Segment Start: Material provided
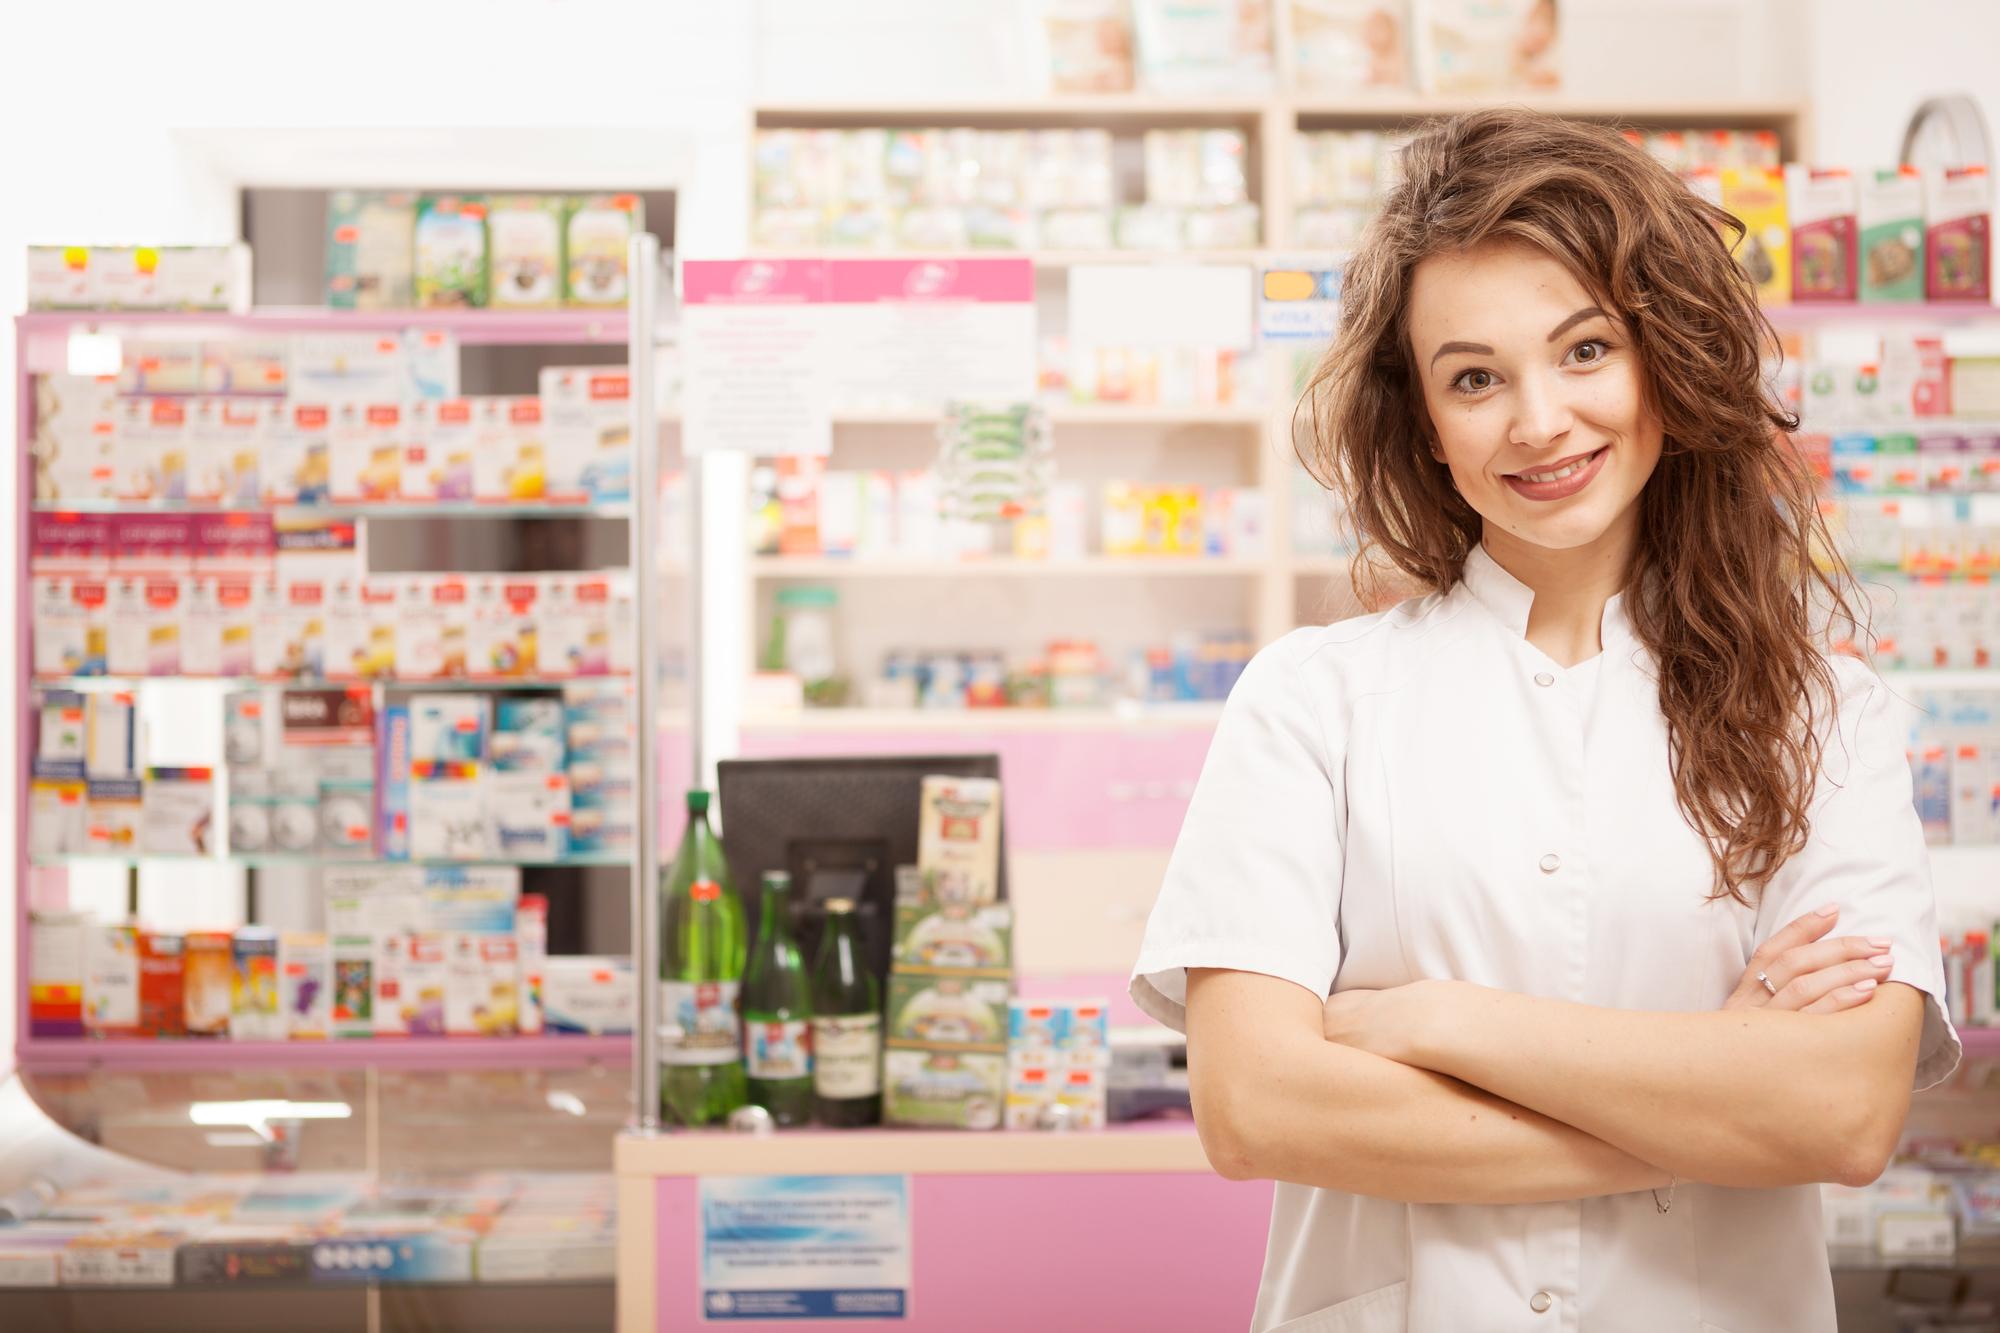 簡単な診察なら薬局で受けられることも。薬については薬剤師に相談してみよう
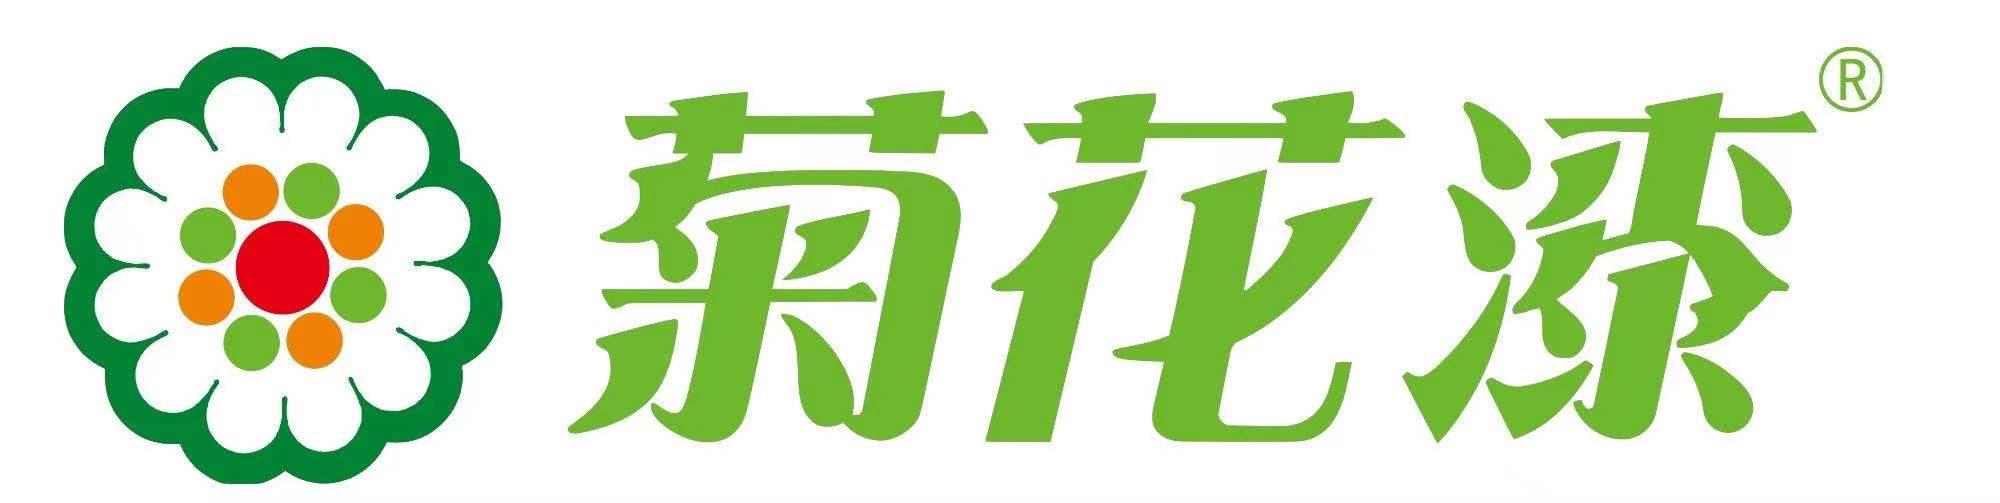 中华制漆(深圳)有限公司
Segment End: Material provided
Segment Start: Material provided
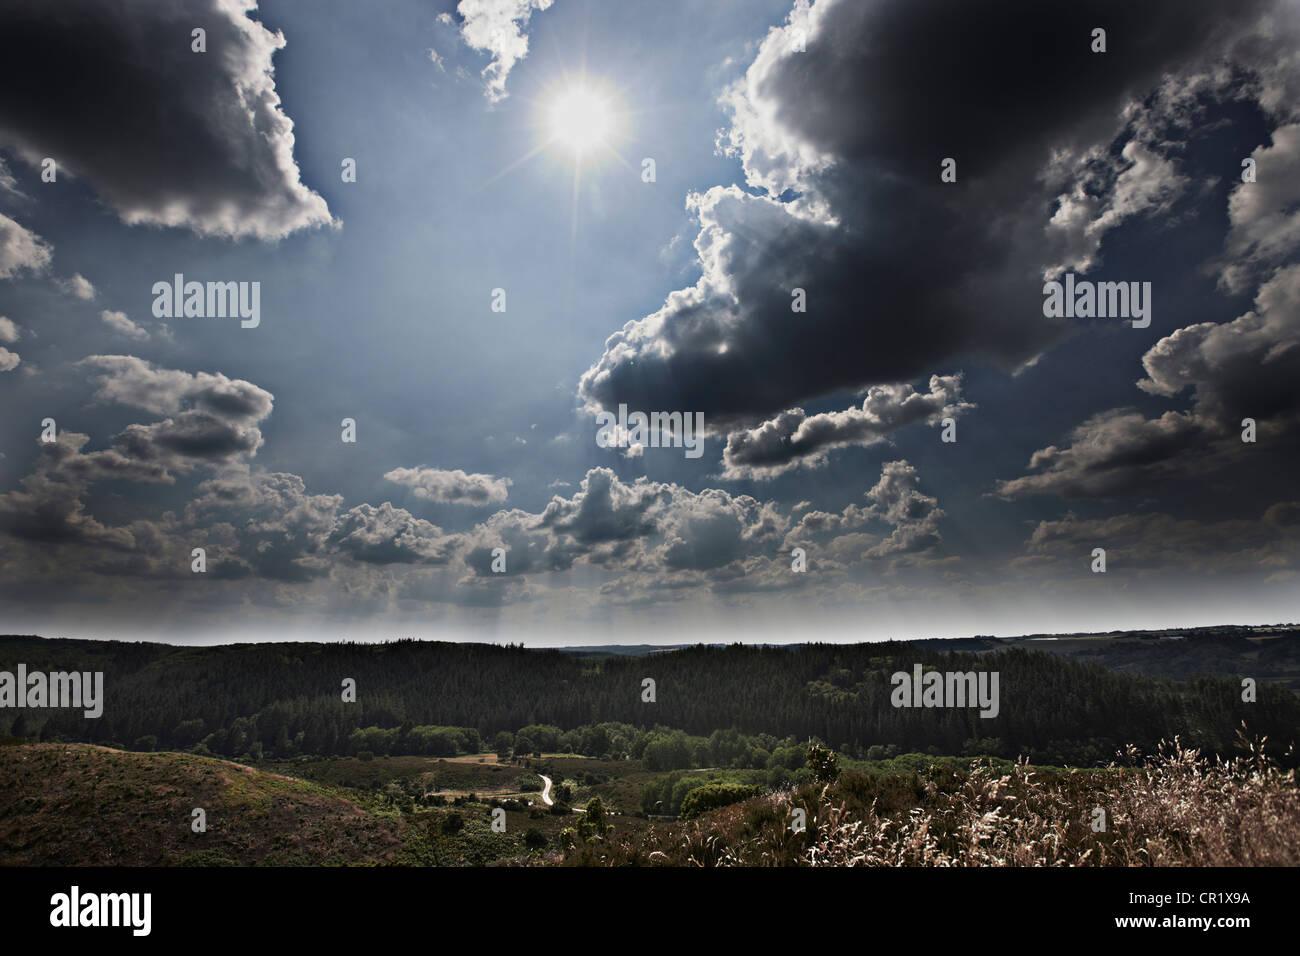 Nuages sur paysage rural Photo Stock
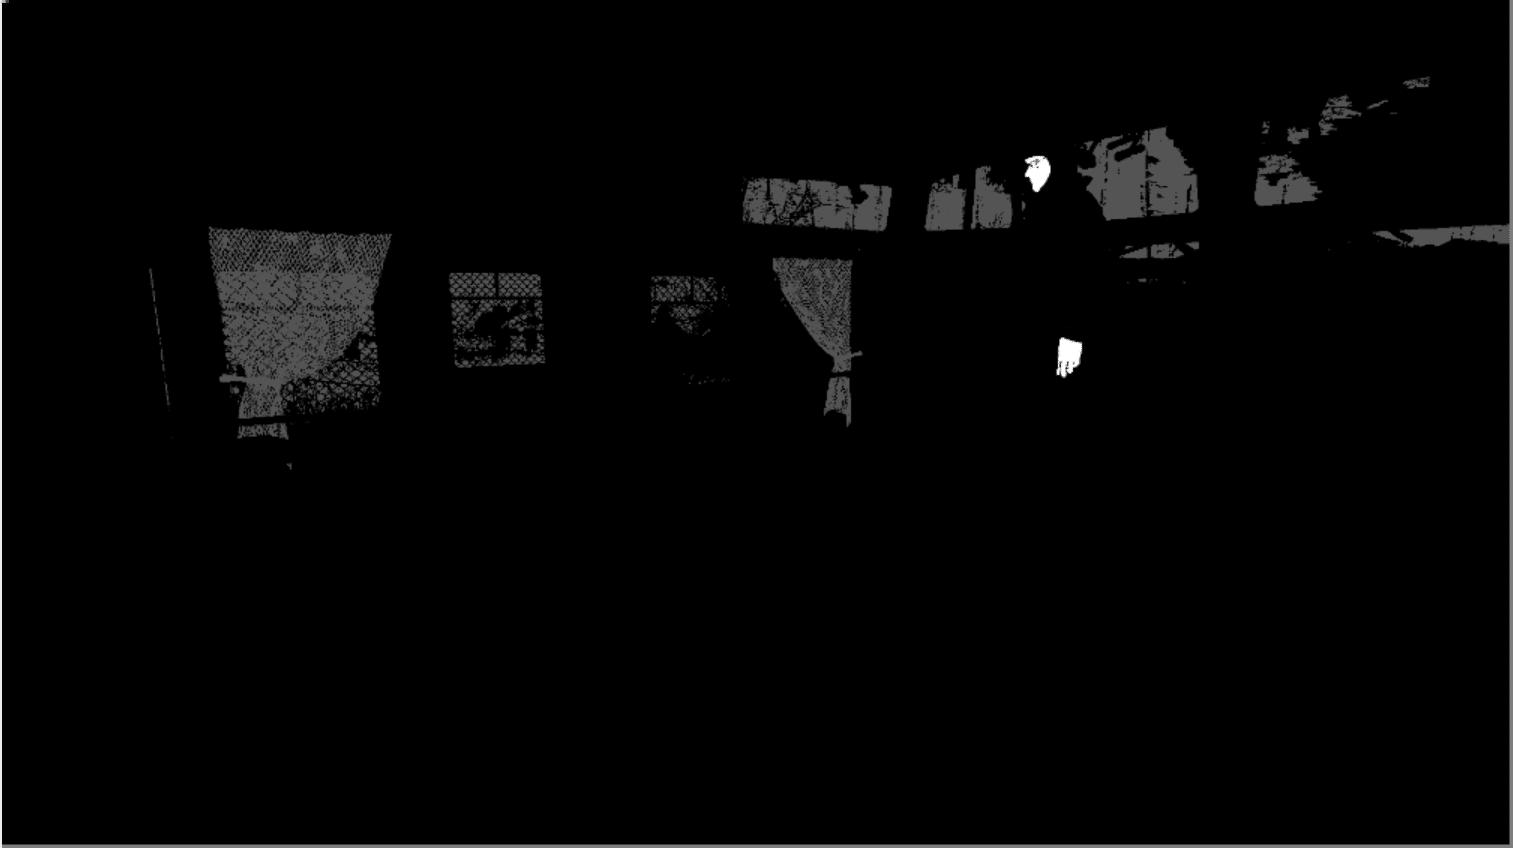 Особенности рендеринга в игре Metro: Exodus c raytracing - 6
Segment End: Material provided
Within the listing above, the lines starting at the one containing "Nuages sur paysage rural Photo Stock" and ending at the one containing "Особенности рендеринга в" are to be returned exactly. Omit the pictures.

§ **Written solution**
 Nuages sur paysage rural Photo Stock
 Особенности рендеринга в игре Metro: Exodus c raytracing - 6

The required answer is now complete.